Gold funds are open-ended mutual funds. They carry out investments in units of a gold exchange-traded fund (ETF). The prime purpose of these funds is wealth creation by using the potential of physical gold as a valuable commodity. These funds are best for investors with a low-risk appetite.
Benefits
The funds are redeemable on any business day during market hours. However, for selling, the NAV of the day before is taken into account. Once your funds are traded off, the money is generally disbursed within 2-3 working days.
Investing in these funds is also safer than a physical gold investment. You can electronically invest in the funds with safety and avoid the hassle of storing physical gold that can be stolen anytime.
After a few years, if you wish to increase your investments little by little annually, you can go for a step-up SIP. Then you can estimate the returns using an SIP with annual increase calculator.
Gold funds, like any asset class, come with certain risks.
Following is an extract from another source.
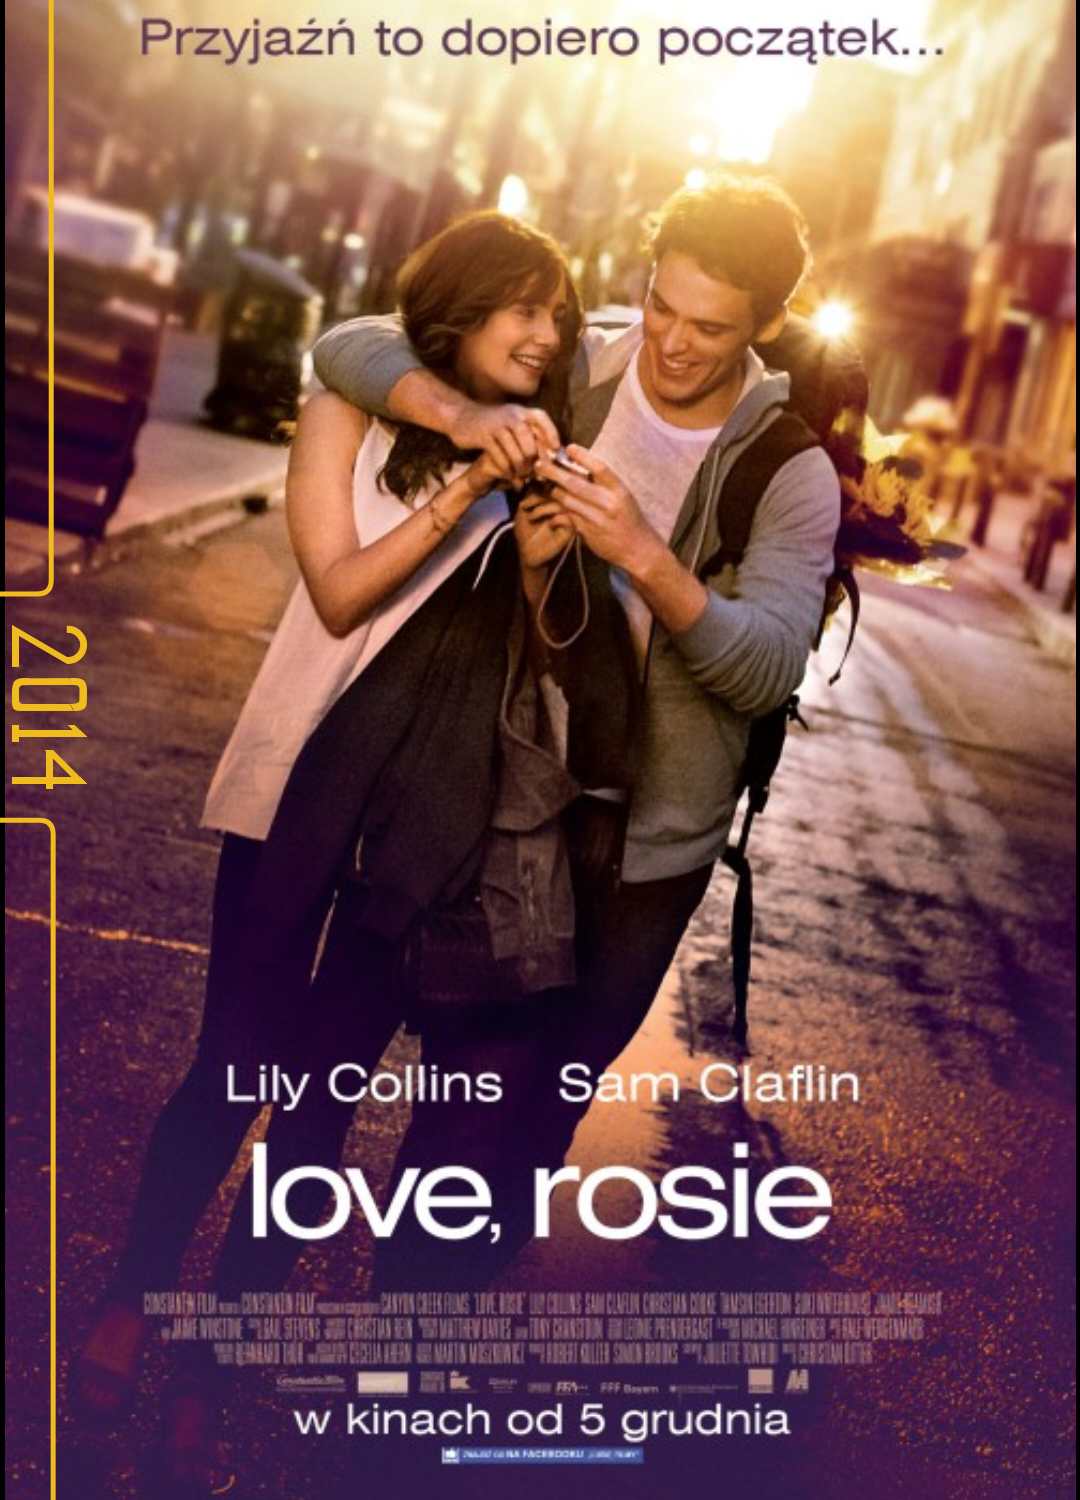 فیلم با عشق رزی Love, Rosie 2014 با زیرنویس فارسی چسبیده

These include lower returns than equities and diversification challenges.
However, investors choose these funds not with the motive to gain high returns over a long period but invest with low risk.
By investing in these funds with a dynamic approach, you can diversify your portfolio profitably. Consider allocating a portion of your portfolio towards them. During a market crisis, try to increase this allocation. When the market recovers, you can invest more in other asset classes that seem to perform better. Thus, you must focus on the stability gold funds provide your portfolio with and use them as insurance cover.
To conclude, consider investing in these funds strategically to make the most of their benefits.